Large input files for each channel

Hi all,
I’m trying to train a NN with multiple channels as inputs. Each channel is approximately 6 GB. It works when I only use 5 channels but failed with 8 channels because of the memory limit. The code for my dataset is the following:

n_features = len(forcings)
f_data = xa.open_dataarray(path+forcings[0]+'.nc')
self.x_d = np.zeros((
    f_data.shape[0], n_features, f_data.shape[1], f_data.shape[2]))
for i, forcing in enumerate(tqdm(forcings, desc='Forcings')):
    f_data = xa.open_dataarray(path+forcing+'.nc').data
    print(forcing, ' loaded')
    f_data[np.isnan(f_data)] = 0
    self.x_d[:, i] = f_data
    del f_data
self.x_d, self.y_d = torch.from_numpy(self.x_d.astype('float32')), \
            torch.from_numpy((self.y_d.astype('float32')))

And getitem is simple:

def __getitem__(self, index):
    return self.x_d[index], self.x_s, self.y_d[index]

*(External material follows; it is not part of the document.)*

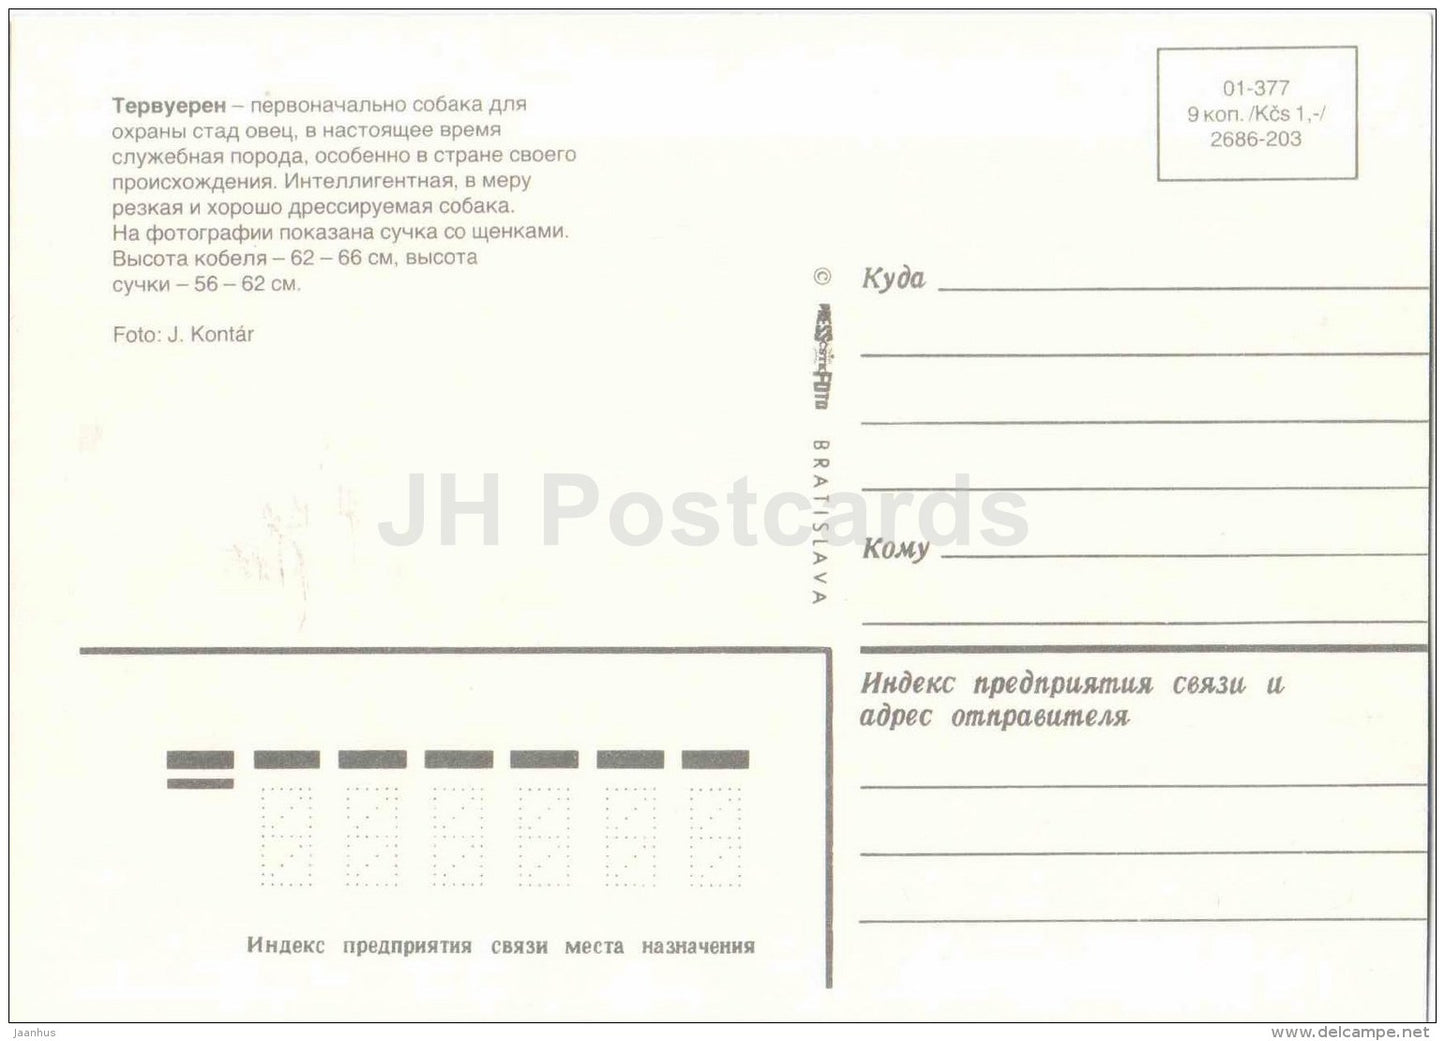 Tervuren - dog - Russia USSR - unused - JH Postcards
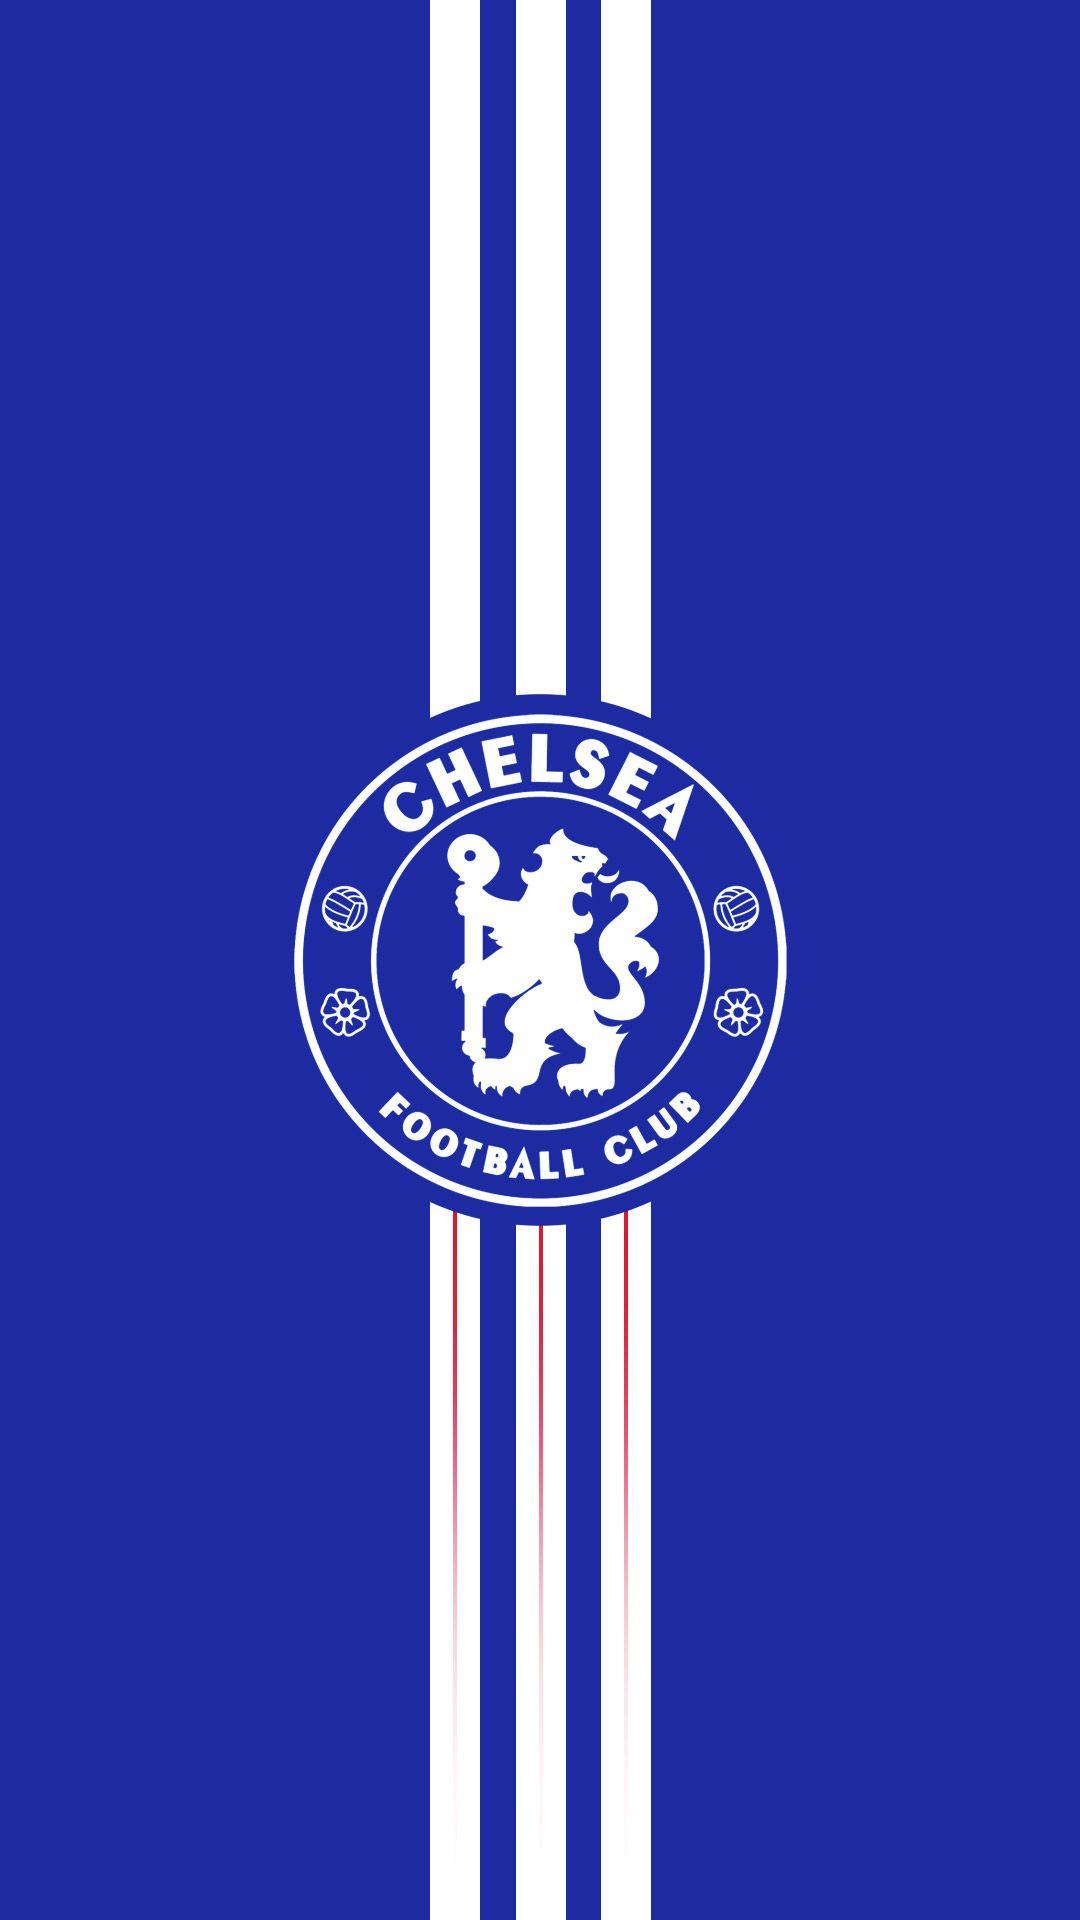 Vẻ đẹp của Chelsea cũng có thể được tản ra trên chiếc iPhone yêu quý của bạn nhờ những hình nền bóng đá Chelsea thật tuyệt vời và độc đáo. Nhanh tay tải xuống và cập nhật cho màn hình khóa và màn hình chính của bạn.

Is it possible to do a ‘lazy’ loading with different channels? And is there any way to speed up the io process? For the first four channels, it takes 30 s to load one channel and the time increases to 15 mins for the rest channels.

Thanks!

It is possible to lazily load your data using torch.utils.data.IterableDataset, you can find the documentation here. You should be able to write a __iter__ method that opens all the files and yield one tuple of (x_d, x_s, y_d) at a time.

You can also use IterDataPipe from the TorchData library, but do note that the project is still in the prototype stage (will be in beta soon).

Thanks! I have checked IterableDataset and it works for me. I have put the IO process in the __iter__ method. I assume we cannot avoid this I/O slowdown during the training right?